Greetings all, I will be in the market for a fifth wheel in the near future and I was looking around for a fifth wheel hitch that could be mounted into the bed of my 2000 F-250 SD without damage and without drilling holes. I found one at www.bolthitch.com that does just that.  The hitch just uses the existing bed bolts to mount these two large rails to the bed. The hitch that goes with it is a 32K Binkley 5th wheel hitch.

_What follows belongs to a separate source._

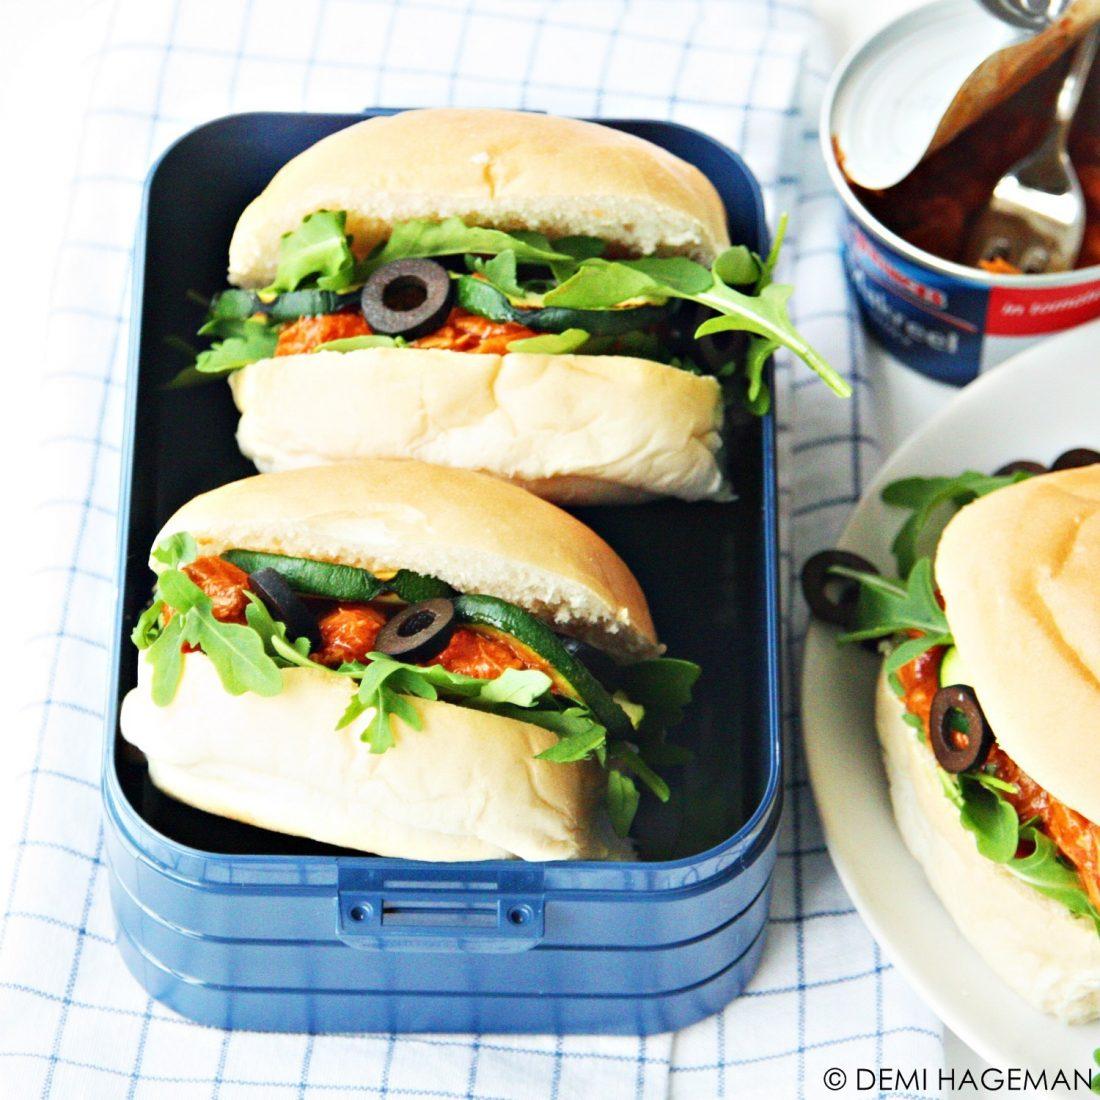 picknickbroodjes met makreel in tomatensaus, gegegrilde courgette en olijven. StudioKOOK.nl Demi Hageman. Princes Foods.

Has anyone here had any experience with Bolthitch or the Binkley?  :question:  Thanks,  Bob from W Sand Lake, NY


----------



## Gary B (Aug 10, 2003)

Binkley 5th wheel

Hi bobsals, I reseached the Bolthitch system and talked to the folks at the factory, I liked the idea if I had a newer truck and needed a 5th wheel hitch I'd consider it. The Binkley hitch is a commercial hitch for car haulers etc. the hitch they use for the 5th wheel RV's is a Hidden Hitch per my conversation with them. All in all I think it a good hitch system, easy to install and remove, no drilling, when its out no bed rails in the way.    :bleh:  :approve:


----------



## bobsals (Aug 10, 2003)

Binkley 5th wheel

Thanks, GB, It seemed good to me too, but I have posted requests for information in these forums and it seems not too may people have seen or heard of them before. I have sent an e-mail to Bolthitch in regards to a slider for the bolt hitch, but no response yet. I have a short bed F-250.  Thanks for the reply,, Bob


----------